Лодька заморгал опять: вот это новость — «нам»!
— А ты-то как там оказался?
— Клим Моргалов позвал, наш классный староста. Привел меня туда, познакомил с концертным начальством. Они меня послушали и сразу: «Будешь у нас выступать!»
— Шаляпин… — сказал Лодька.
— Балда. Шаляпин басом пел, а у меня альт…
— Ну, если альт, тогда не Шаляпин, а… кто?
— Тогда — я, — объяснил Борька без лишней скромности и дожевал булочку. — Придешь?
— Ладно…
Это «ладно» усилилось многократно, когда Лодька вечером услышал от Стаси, что она тоже будет на концерте.
Зимние размолвки у Лодьки с Борькой забылись, ощущение жизни было весеннее, с ожиданием близких каникул. Отчего бы не послушать, как альт Аронский поет на «дворцовой» сцене и не наградить его дружескими аплодисментами! Особенно, если Стася будет рядом…

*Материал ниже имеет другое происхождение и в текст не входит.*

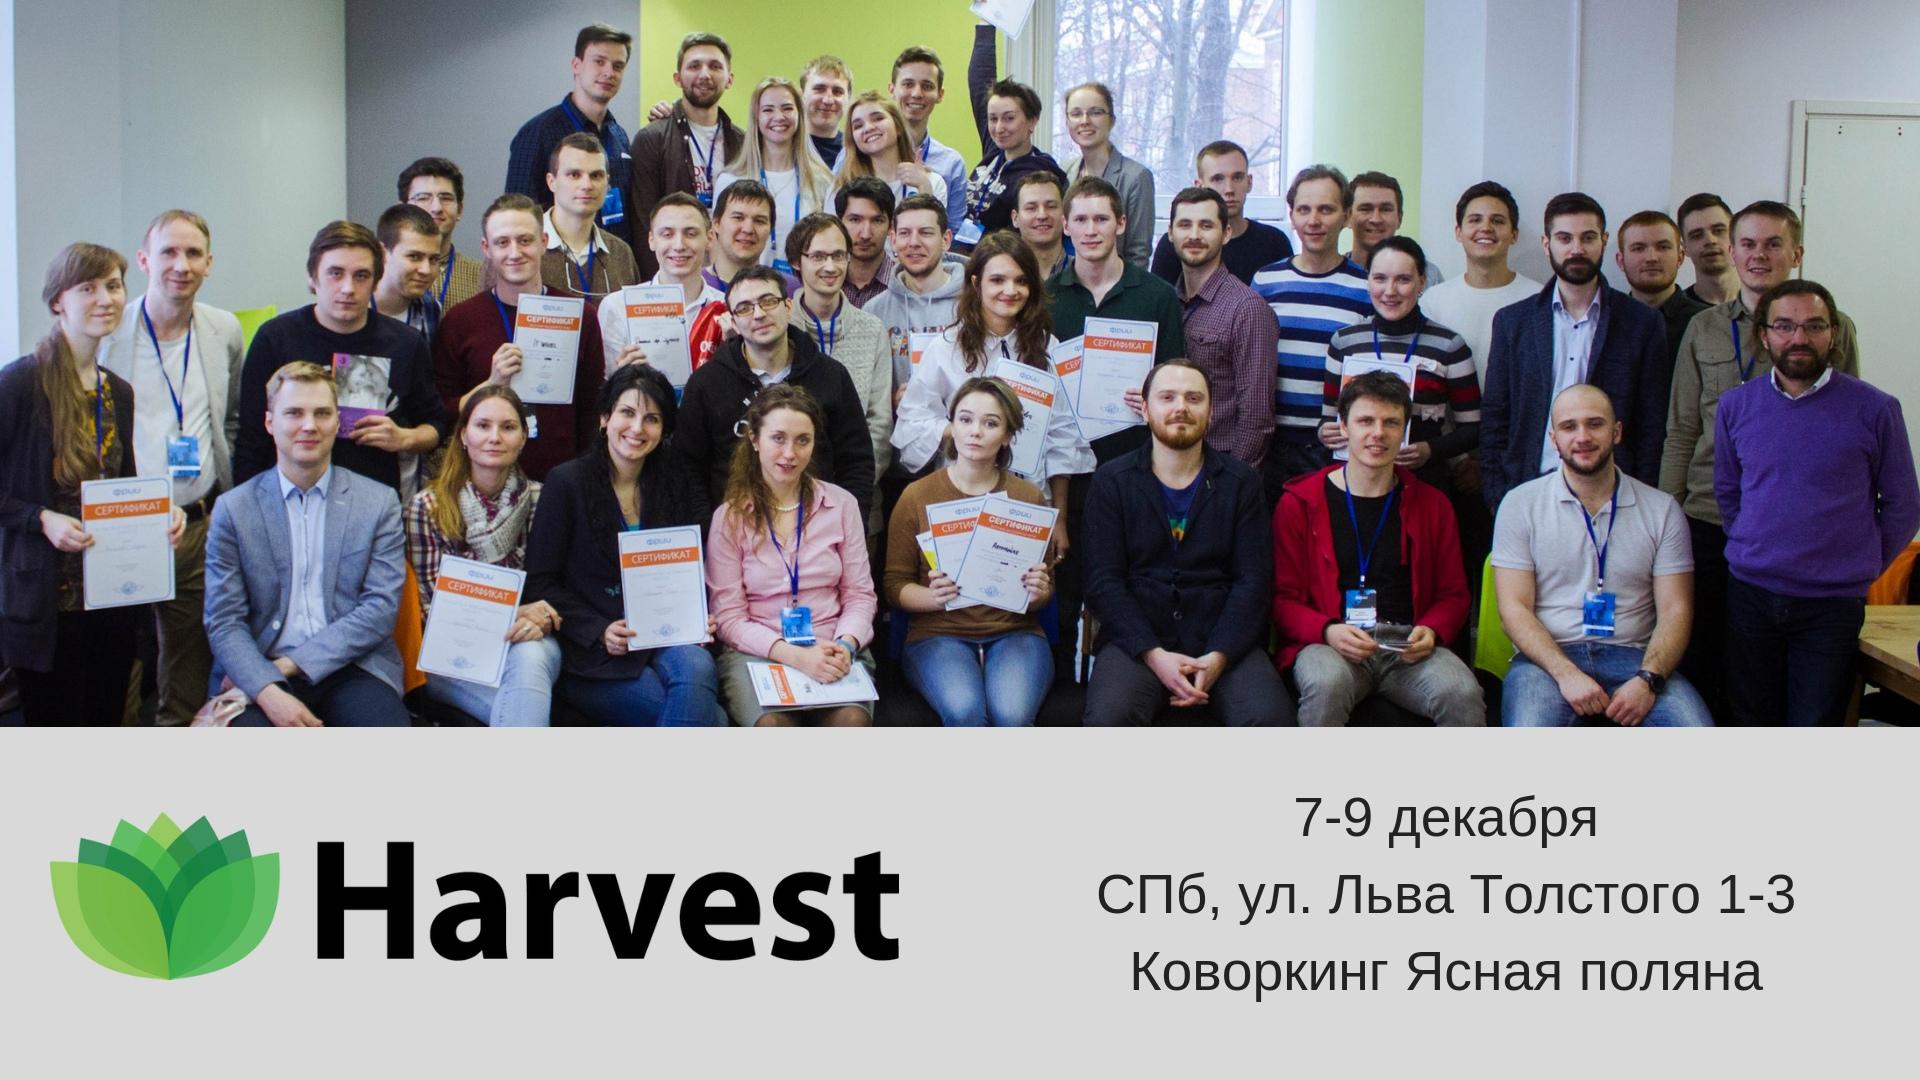 7-9 декабря в Санкт-Петербурге пройдет HARVEST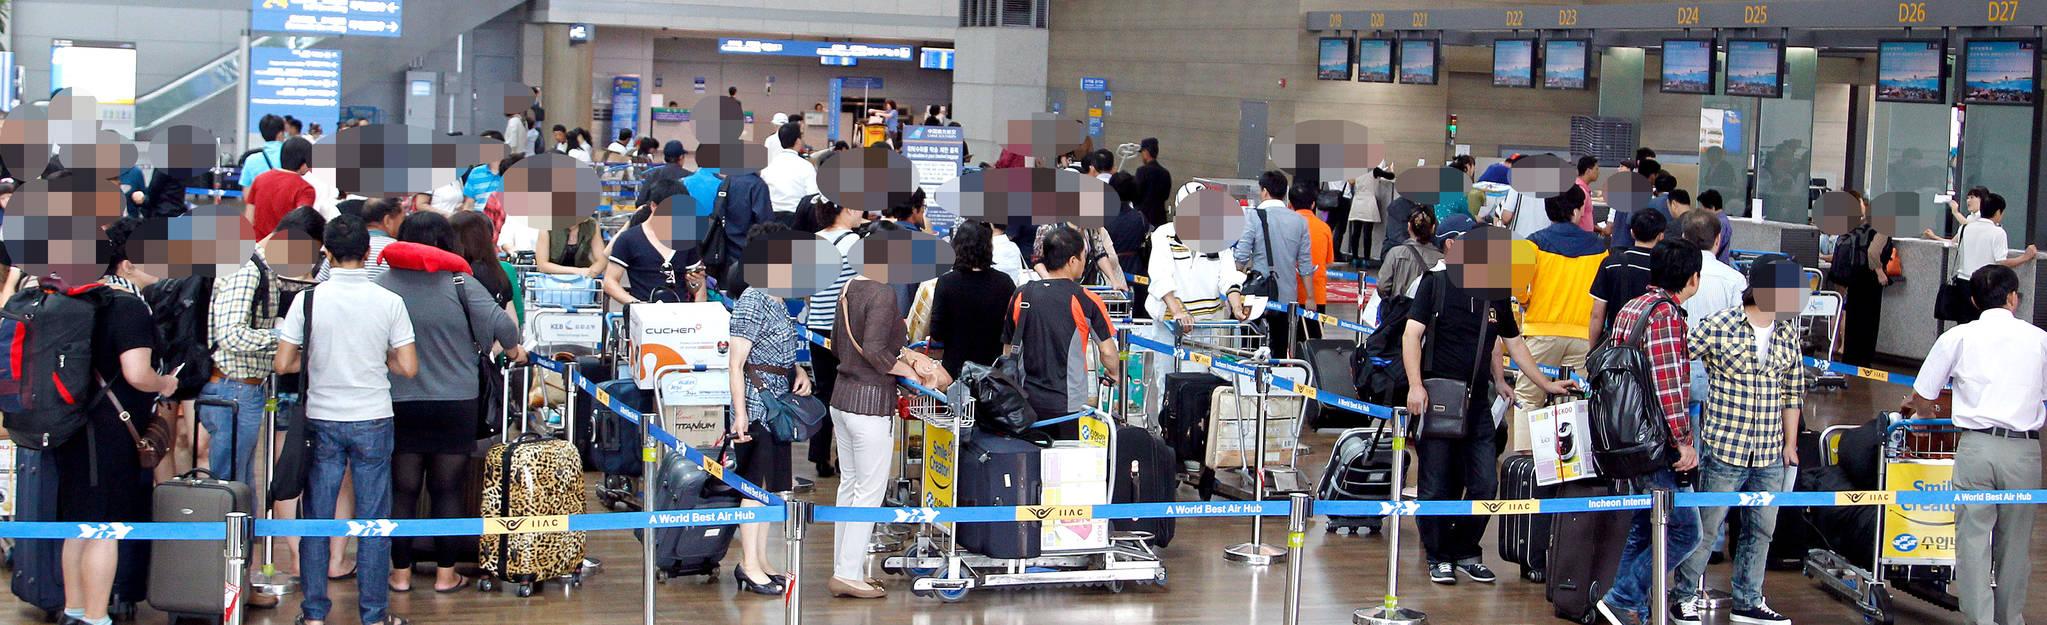 2011년 추석연휴(9월11~13일)를 앞둔 9월 8일 영종도 인천공항이 출국자들로 붐비고 있다.[연합뉴스]

Стася была не рядом. Но недалеко. Сидела чуть впереди с какими-то незнакомыми девчонками. Иногда быстро оглядывалась и улыбалась, и Лодька улыбался — словно у него и у Стаси было что-то неведомое другим.
После «Нахимовцев» Борька спел «Каховку», а потом, «на бис», «Одинокую гармонь». И, похоже, не прочь был петь и дальше, но, кажется ему шепнули из-за кулис, что пора и честь знать.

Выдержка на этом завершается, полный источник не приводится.